Amtrak Airo is a class of intercity, high-speed passenger trainsets being built by Siemens Mobility for Amtrak. The trainsets are based on the Siemens Charger locomotives and Siemens Venture passenger cars, and are intended to replace older equipment used on the Northeast Corridor and state-supported routes throughout the United States.

== Development ==
The Airo program was initiated in 2019, with Siemens selected as the manufacturer in 2021. Amtrak initially ordered 73 trainsets in 2022, later increasing the order to 83 in 2023. Funding for those 83 trainsets was provided under the Infrastructure Investment and Jobs Act of 2021. Another 43 trainsets were ordered for state-supported services in August 2026, using up to $2.05 billion in funding from the Federal Railroad Administration's National Railroad Partnership Program, though the exact number of trainsets by type is unknown.

In March 2025, 83 coach cars and 9 locomotives had been completed, with 23 coaches in final assembly stages. In July 2025, the first trainset was completed and sent from the Siemens plant in Florin, California to the Transportation Technology Center (TTC) near Pueblo, Colorado for testing. In October 2025, the trainset passed testing at the TTC and was sent for additional testing on the Northeast Corridor. On February 10, 2026, the first Airo trainset was unveiled at a preview event at Washington Union Station.

In May 2026, the first Airo trainset, destined for the Amtrak Cascades service, began additional testing, staff training, and practice runs in the Pacific Northwest. On May 28, 2026, the first catenary-diesel, dual-mode trainset for the Northeast Regional was completed.

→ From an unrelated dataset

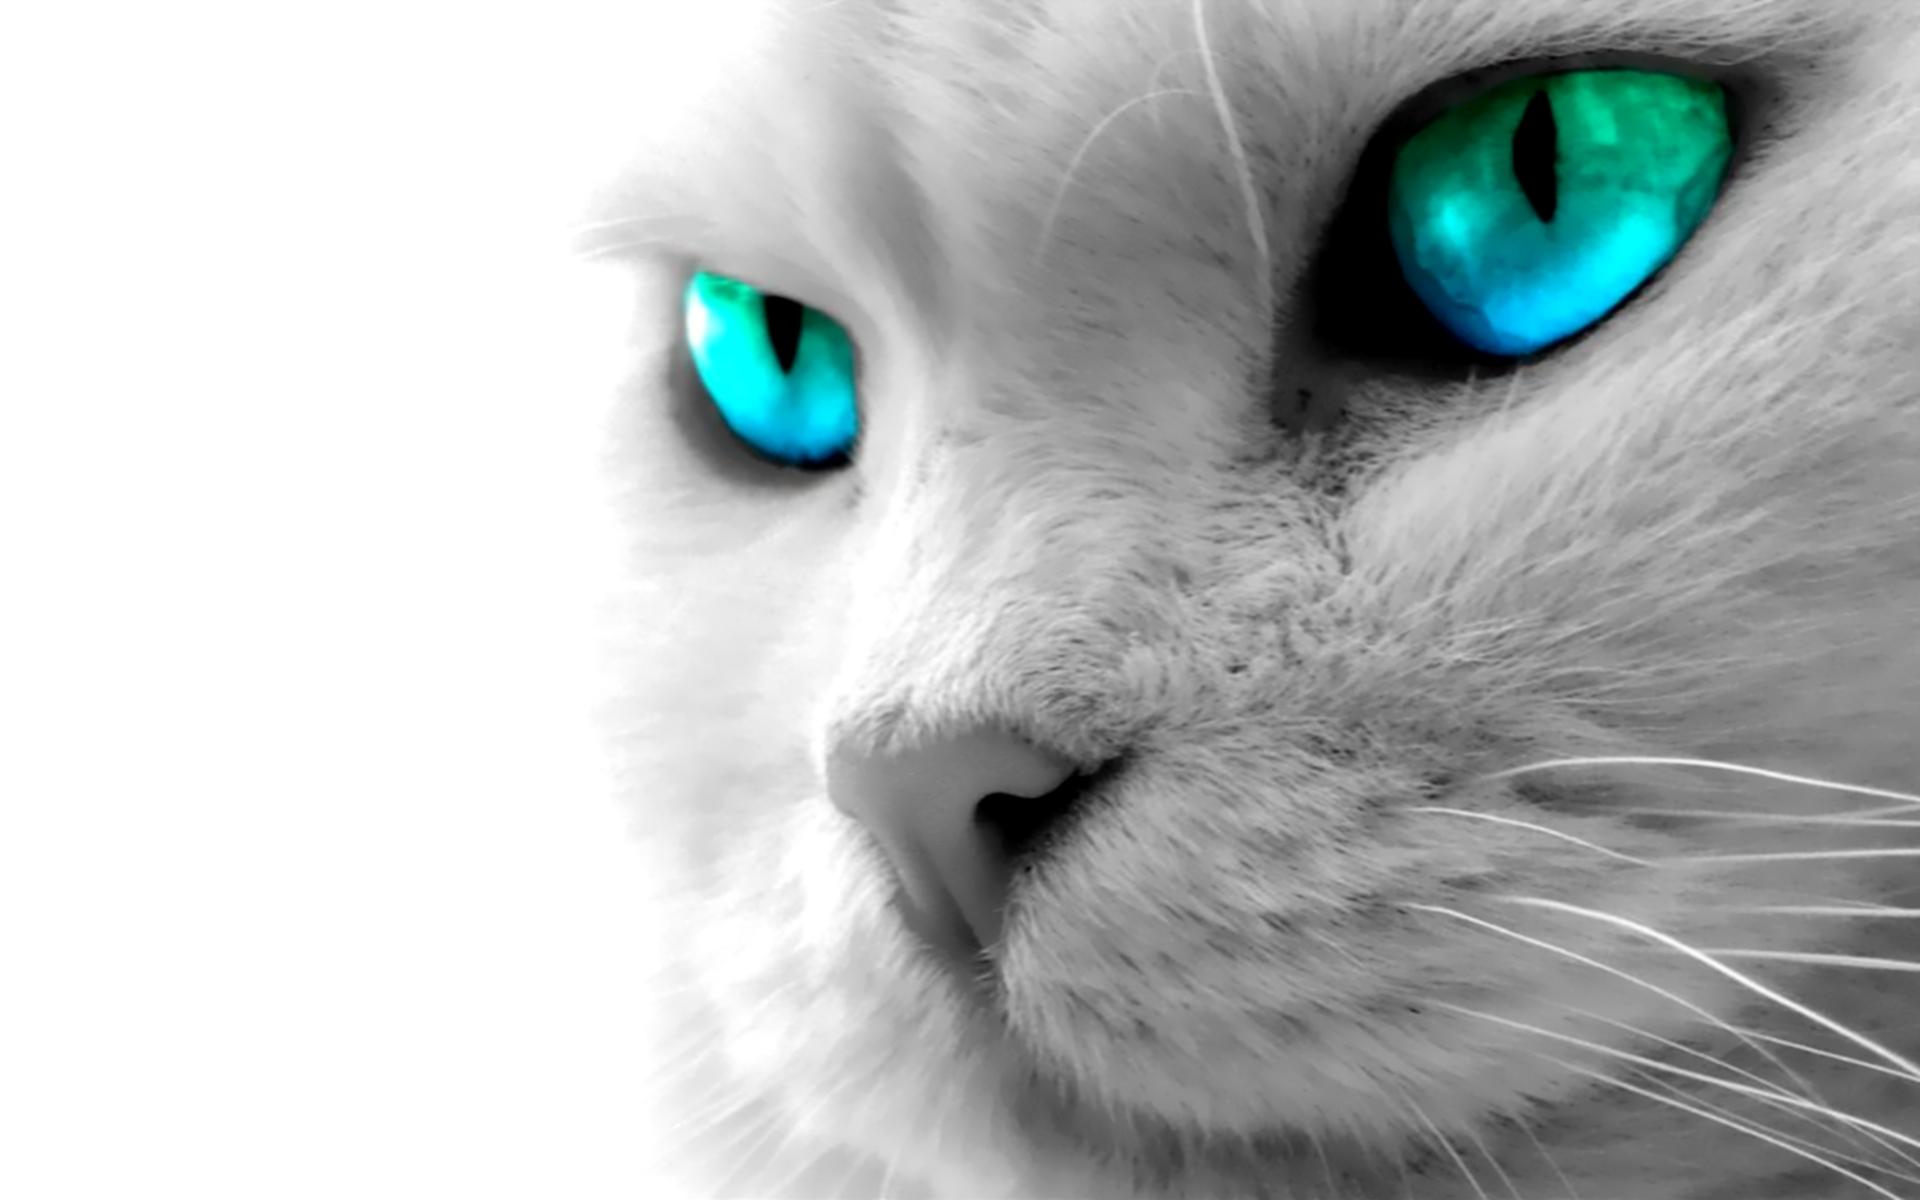 Animal - Cat  Photography Feline Pet Animal Wallpaper

Service is expected to start on the Cascades on September 30, 2026 with two trainsets operating four daily trips. Service on the Northeast Regional is expected in 2027, and on the Carolinian, Downeaster, Keystone, Palmetto, Pennsylvanian, and Vermonter in 2029. Service is expected to start in 2030 on the Adirondack, Empire Service, Ethan Allen Express, and Maple Leaf.

== Operations ==
Most Amtrak Airo trainsets are designed to operate on both electrified and non-electrified lines without the need to change locomotives. This is achieved through a hybrid configuration using a Siemens Charger ALC-42E diesel-electric locomotive and either an Auxiliary Power Vehicle (APV) or a battery car.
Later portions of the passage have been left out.